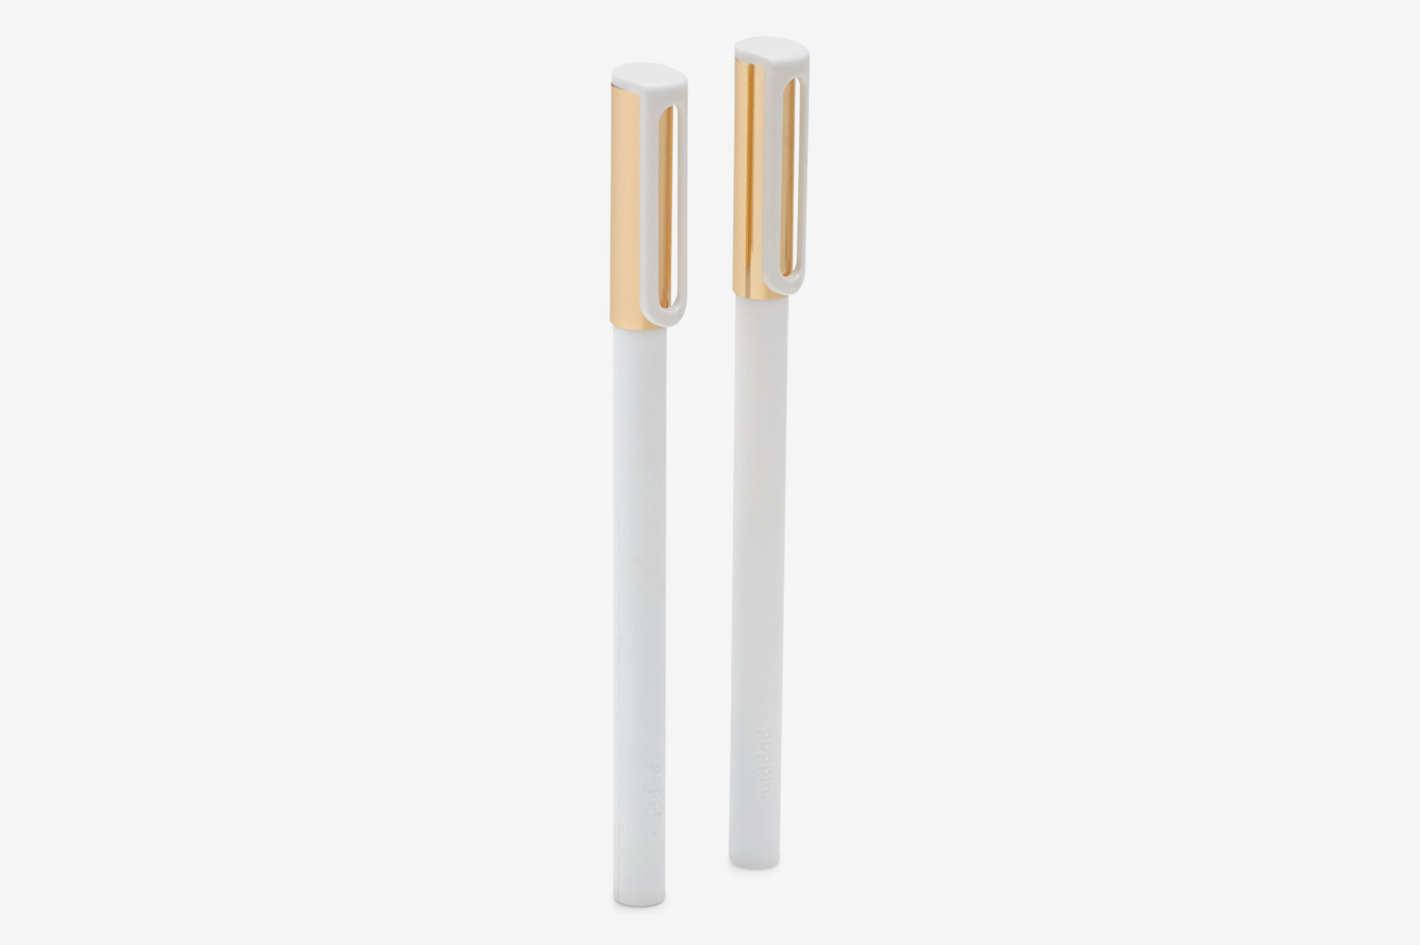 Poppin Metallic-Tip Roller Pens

...

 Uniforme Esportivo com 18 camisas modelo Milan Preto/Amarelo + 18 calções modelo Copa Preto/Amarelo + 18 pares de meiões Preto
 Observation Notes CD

◆ **Task item**:
Beginning with the line containing "Uniforme Esportivo com" and ending with the line containing "Observation Notes CD", extract those lines exactly from the listing above, and only those.

◆ **Result below**:
 Uniforme Esportivo com 18 camisas modelo Milan Preto/Amarelo + 18 calções modelo Copa Preto/Amarelo + 18 pares de meiões Preto
 Observation Notes CD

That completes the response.